Dataset extract:
• • •
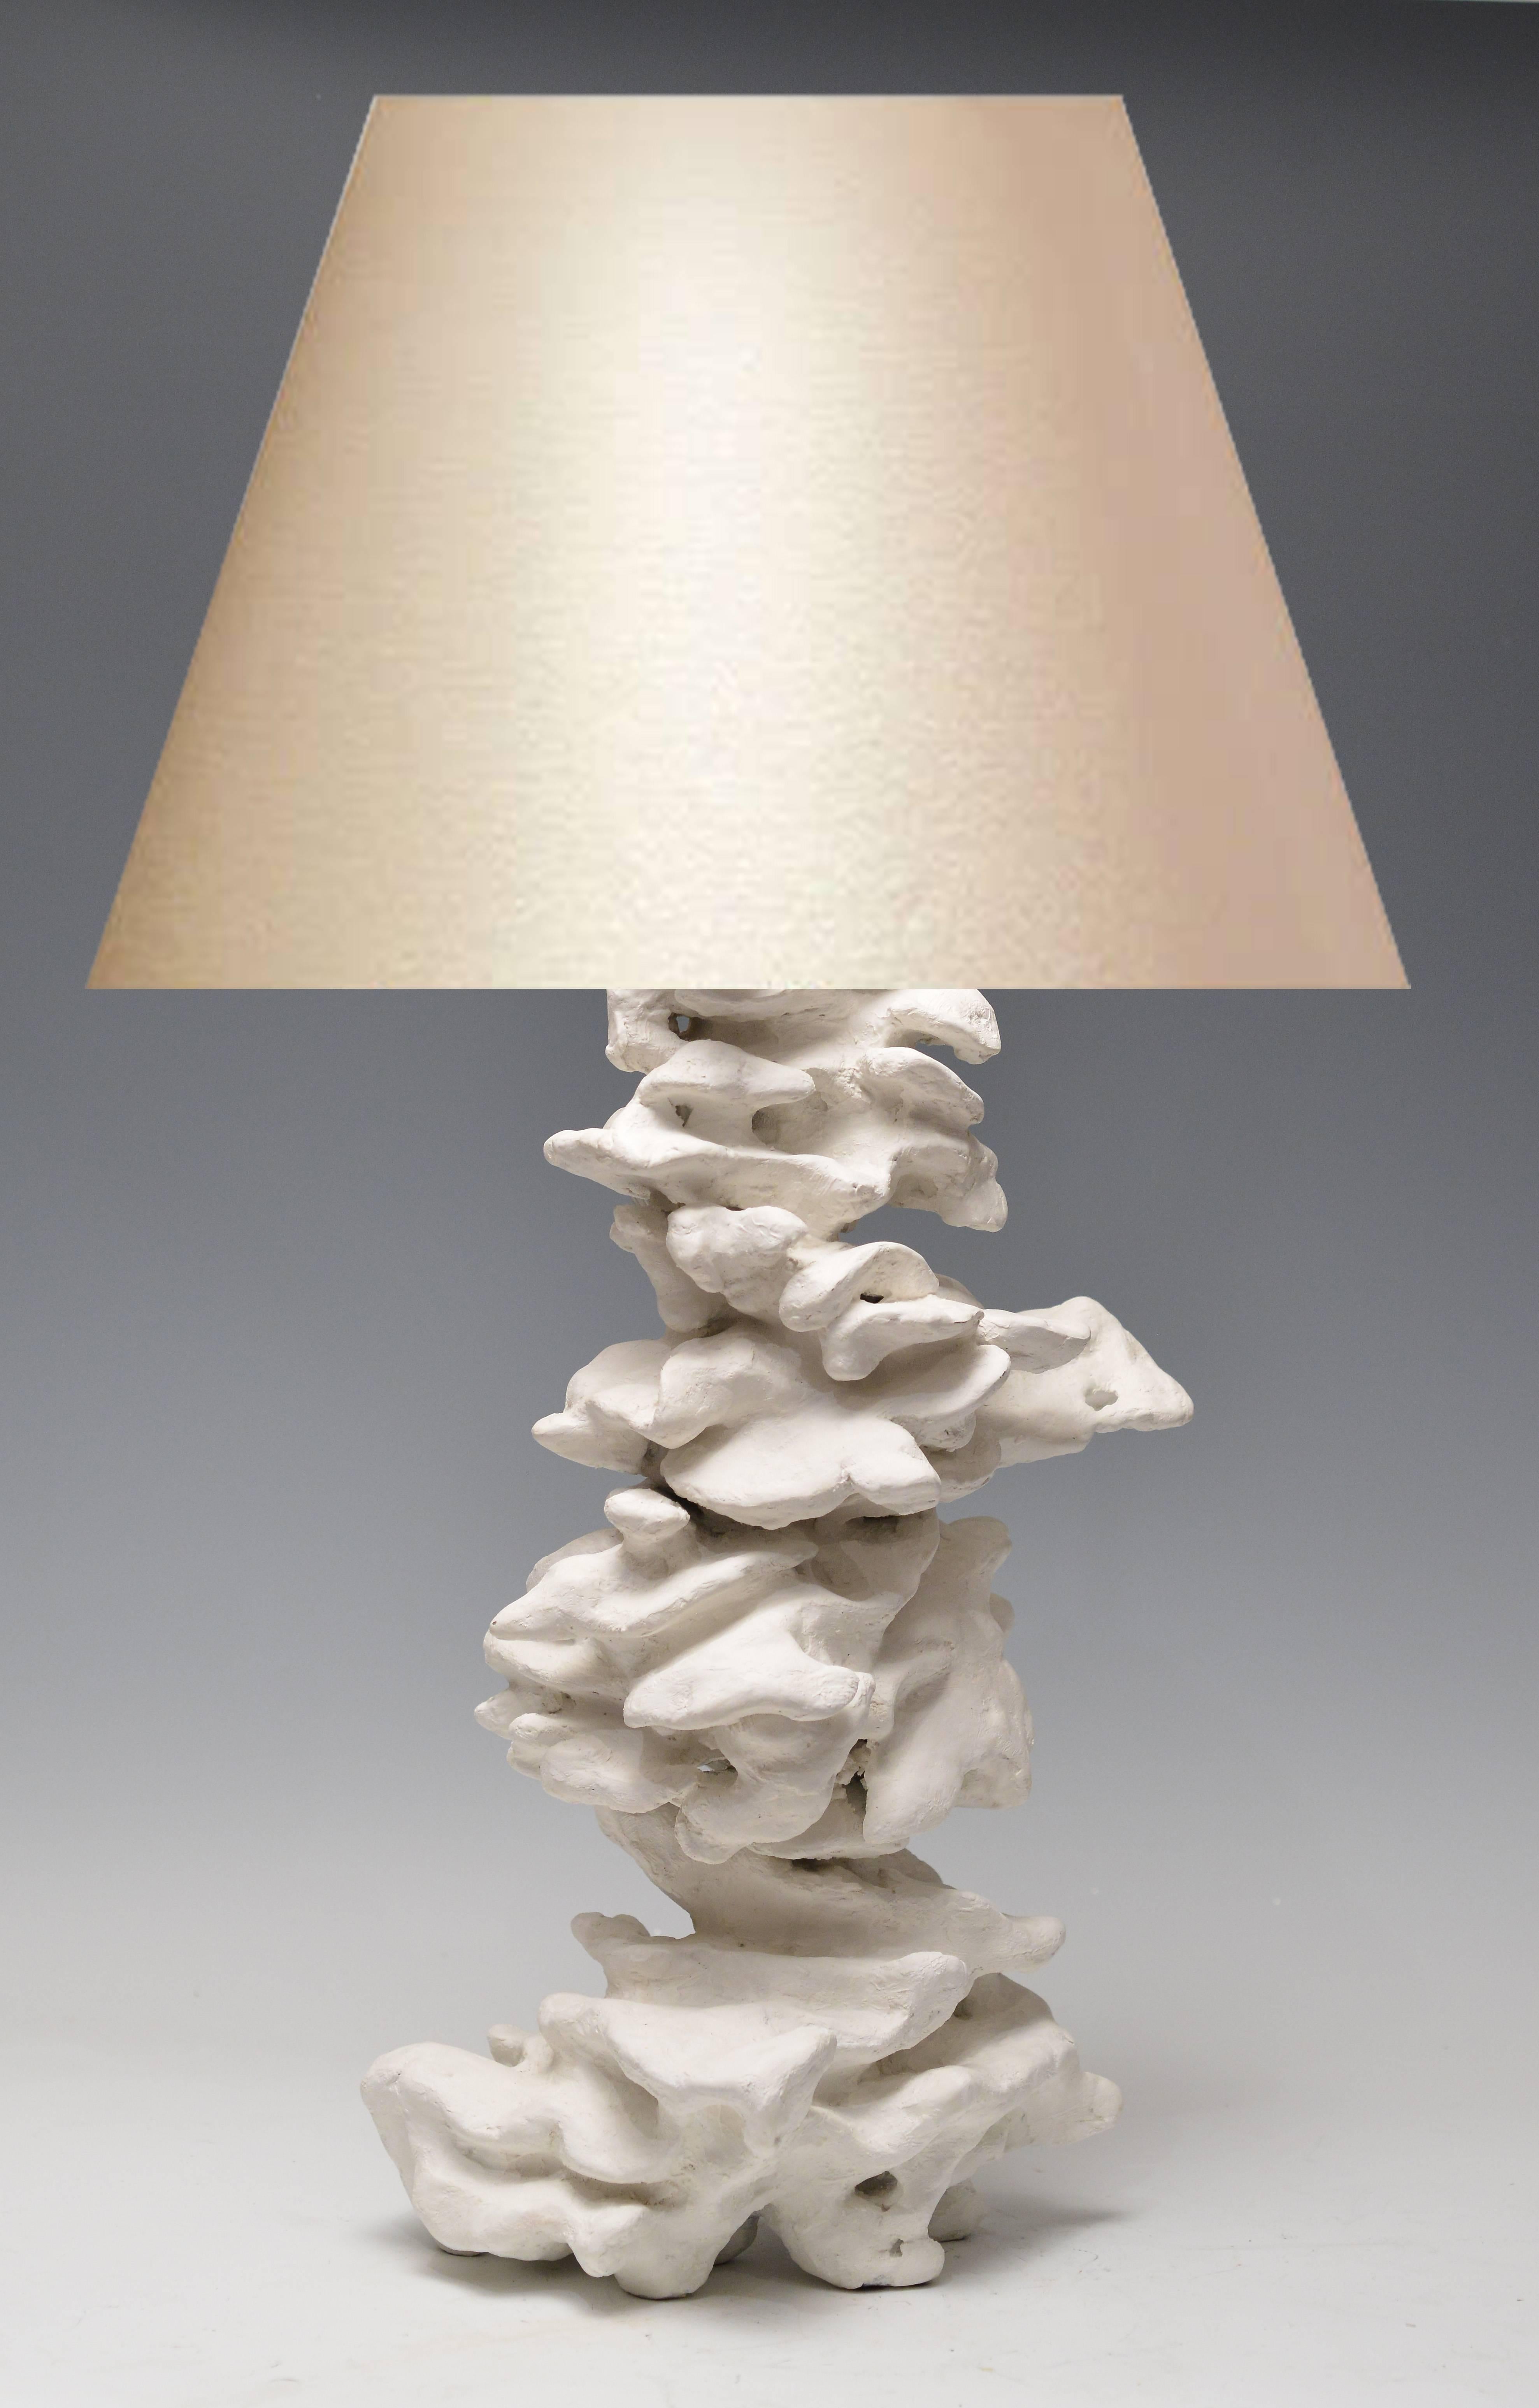 Handmade vertical rock with plaster surface, grottoes and overhang. Inspired from the natural rock.
(Lampshade not included).to the top of the sculpture 19.5 inch
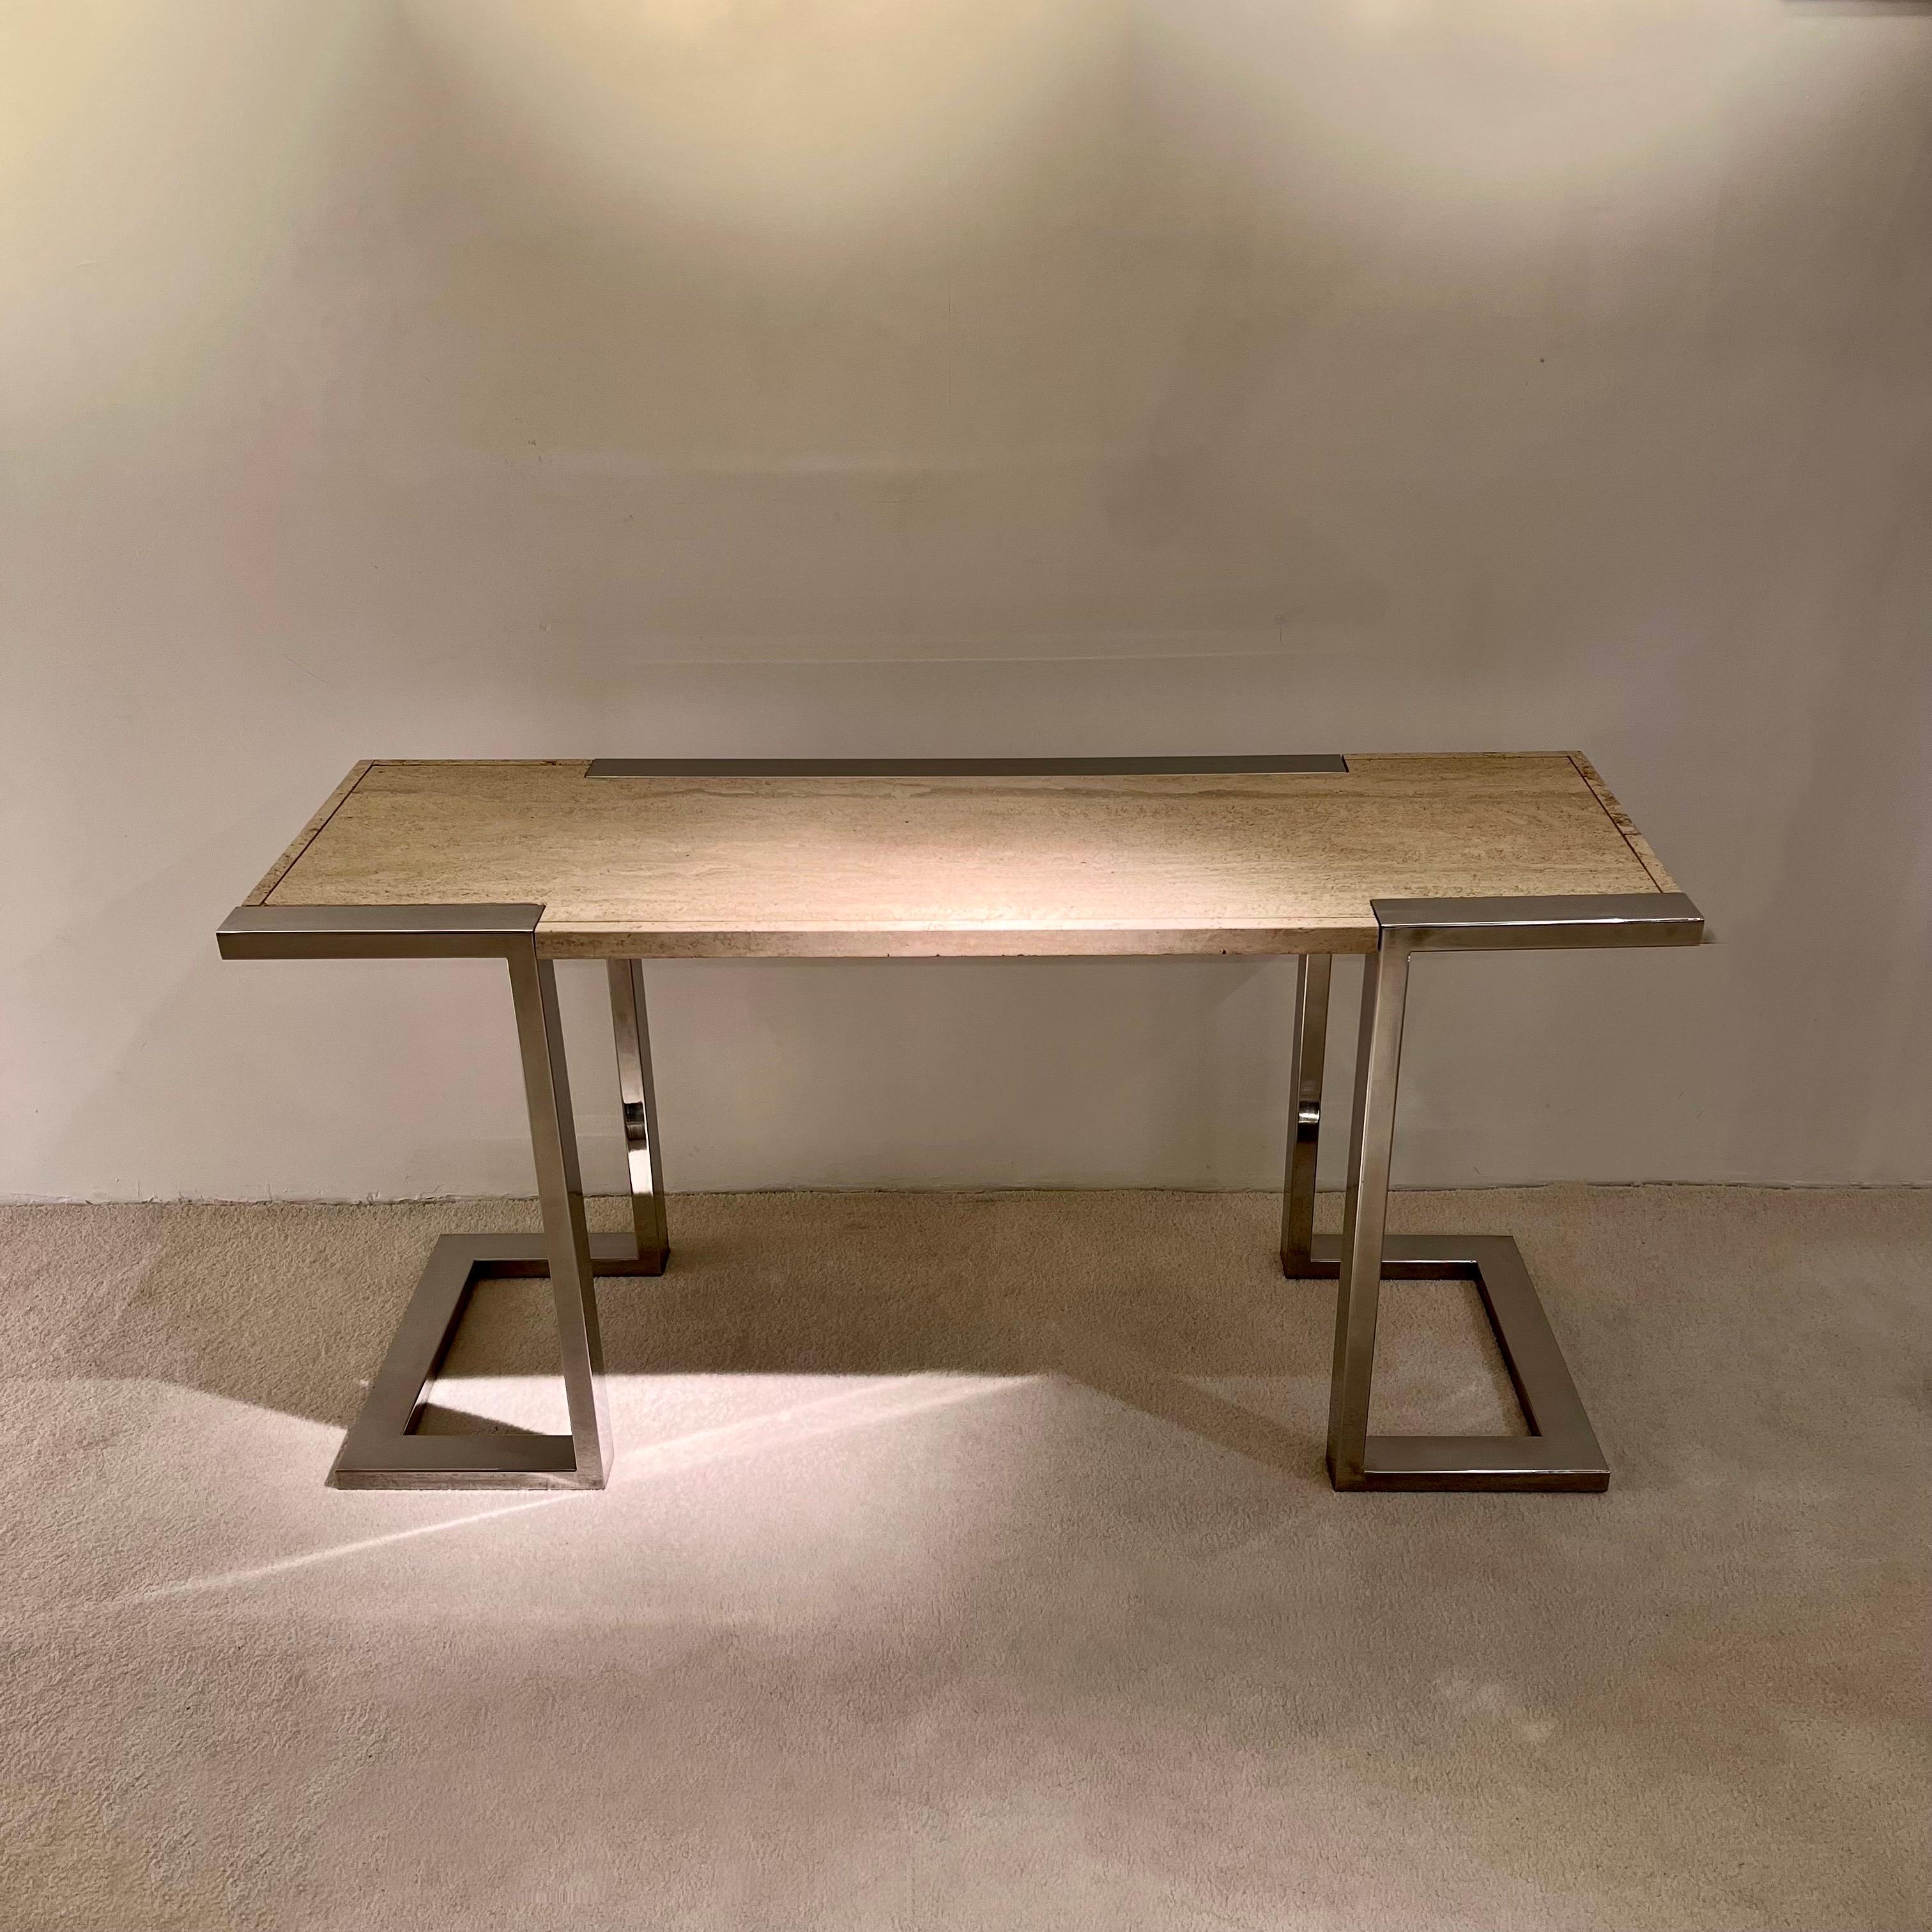 Console by Italian designer Alfredo Freda for Cittone Oggi, with a travertine top on a chromed metal structure, signed on the base.
• • •
Brief:
Skip all pictures. Then give again, exactly, each line from the line holding "(Lampshade not included).to" through the last line of the listing above, both ends included.

Answer to this problem:
(Lampshade not included).to the top of the sculpture 19.5 inch
 Console by Italian designer Alfredo Freda for Cittone Oggi, with a travertine top on a chromed metal structure, signed on the base.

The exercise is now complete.